If you sign up for MyQuire and actually read the Terms of Service, you might notice the section forbidding "deep linking." This means they only want you linking to the top level of the website, like http://realityme.net/ rather than directly to functionality or articles like http://realityme.net/2007/09/22/warning-on-blogrush/. I am sure their intent here is to prevent people from using MyQuire functionality within their own domain but it is phrased such that if MyQuire has a discussion forum, you will be in violation of the terms of service if you link to a forum discussion.
Intentions being whatever they are, I would agree with you that deep linking is often necessary when working together on a project. Especially when the website being used as reference material contains thousands of pages.

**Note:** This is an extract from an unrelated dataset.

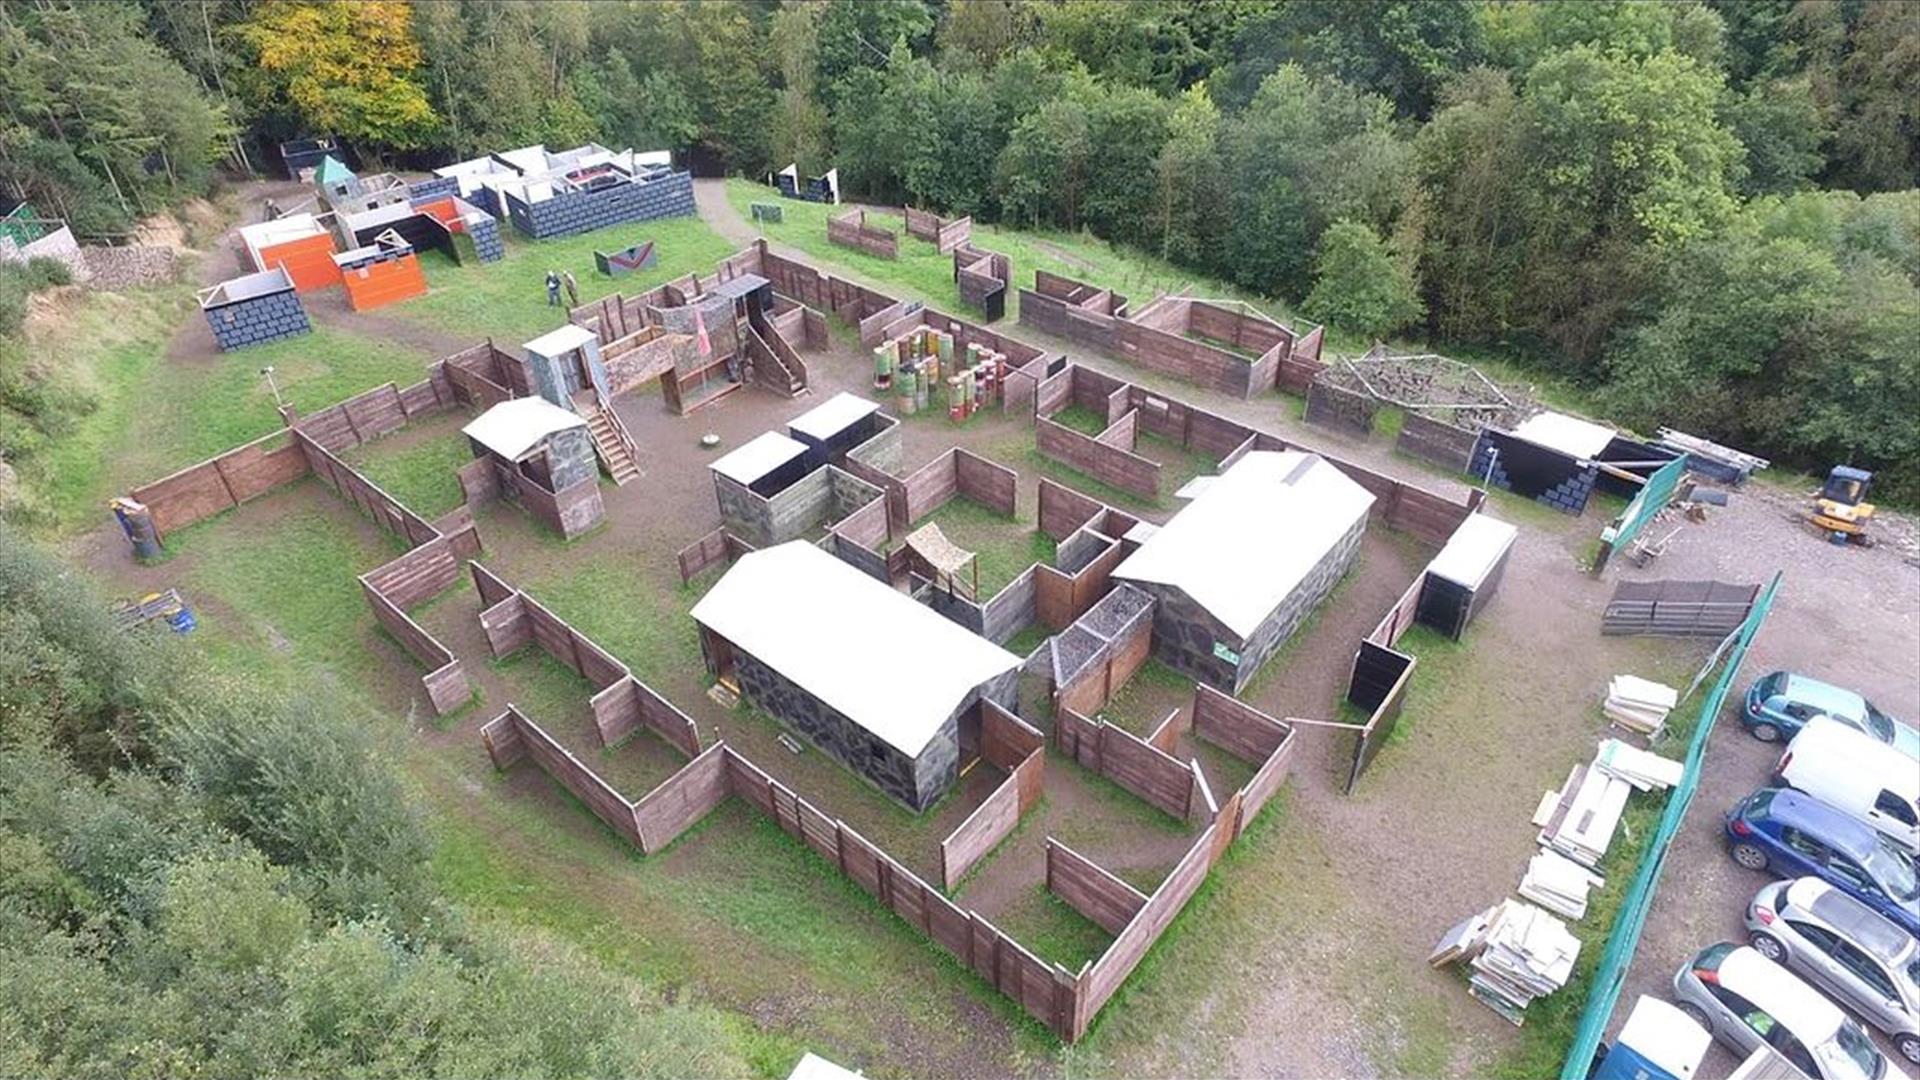 Image of the airsoft arena
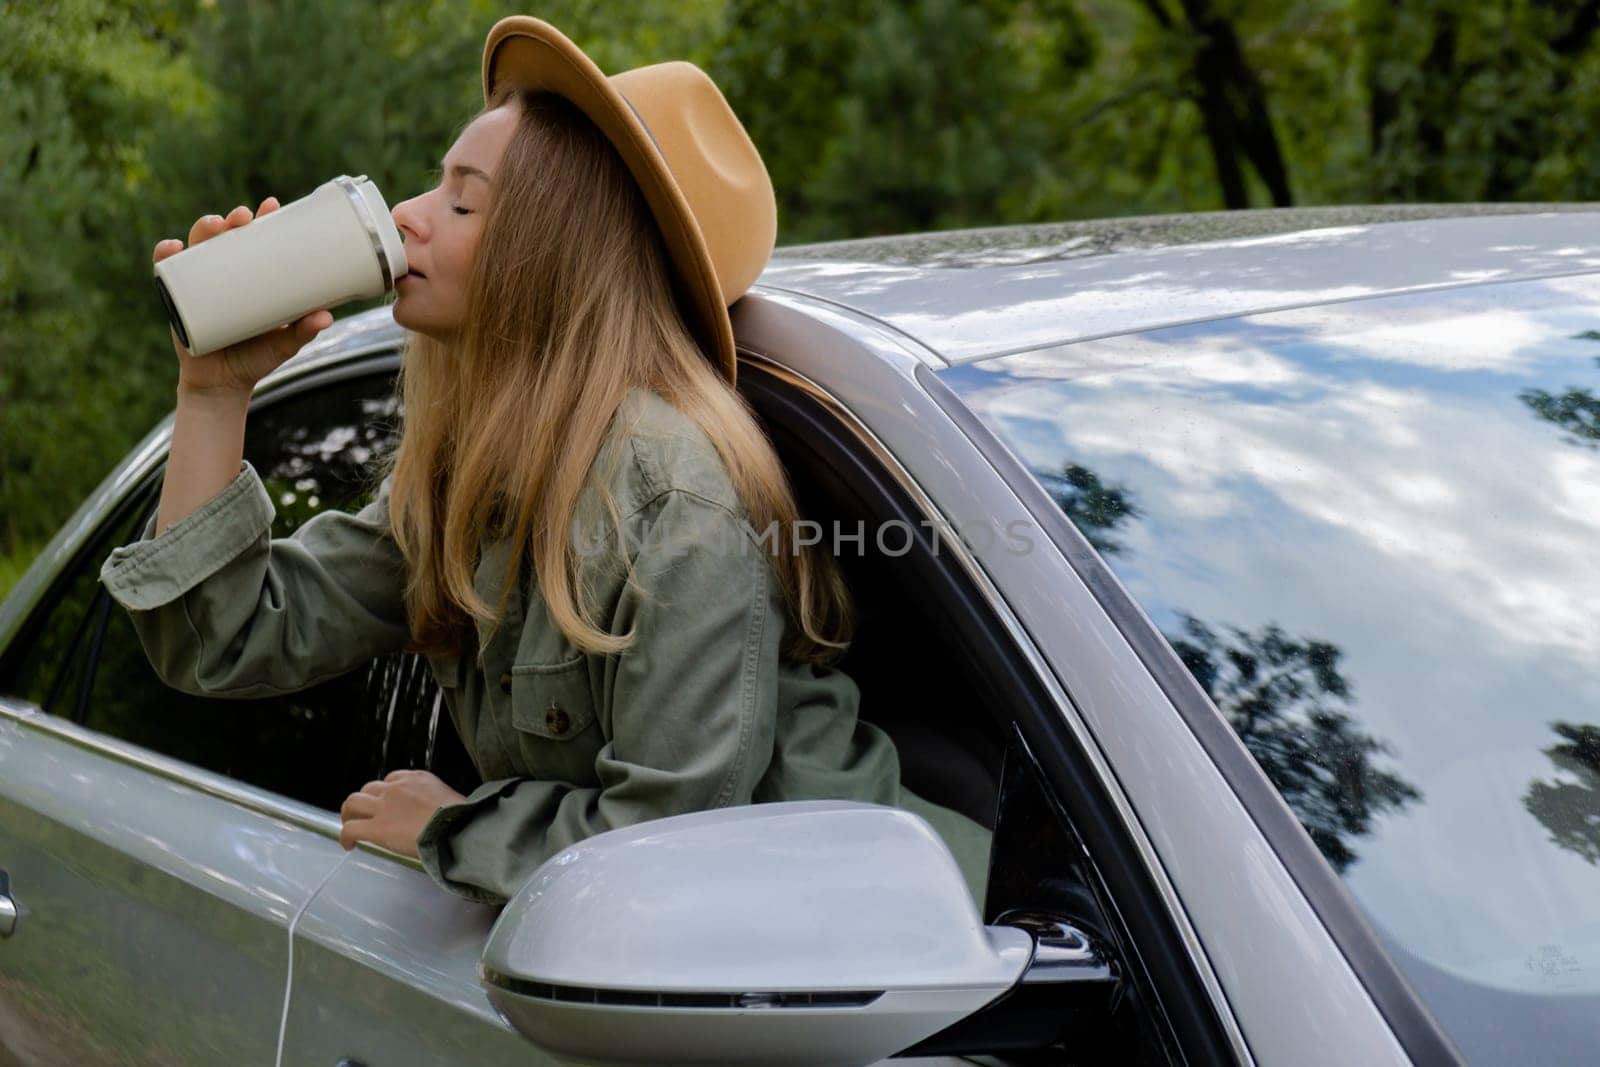 Smiling young woman looking from car window and drinking coffee or tea from reusable thermos cup. Local solo travel on weekends concept. Exited woman explore freedom outdoors in forest. Unity with nature lifestyle, rest recharge relaxation

I ran out of time writing that because I had to get the children off to school. I wanted to go on further to explain the importance of deep linking to the functionality of the World Wide Web. The World Wide Web (not the Internet) was created to share information via hyperlinks and makes no distinctly between types of links. In my opinion, deep linking is what makes the World Wide Web so valuable to our lives today. Image how frustrating searching for information would be if it was a two step process: 1) Use Google to find the website with the information 2) from that website’s front page, sign up as a member, then search for the information and hope to find it.
Yes, kids have a way of interrupting much more in life than just blog postings. 🙂
Your comment reminds me of another interesting question: In Google’s Webmaster tools, they suggest not using long urls that have been generated by dynamic content management systems. This reduces the amount of highly valuable (deep link) content that is being indexed by Google. Of course we all had to adjust once we figured this out, but I sometimes wonder how big the Web would be if it were all able to be indexed.
Ah! Whichever one of us makes THAT search engine is going to be very, very rich! I can’t find it in my bookmarks right now (there’s irony) but I know of at least one search engine that claims to have such deep searching abilities. Your query can take hours to return.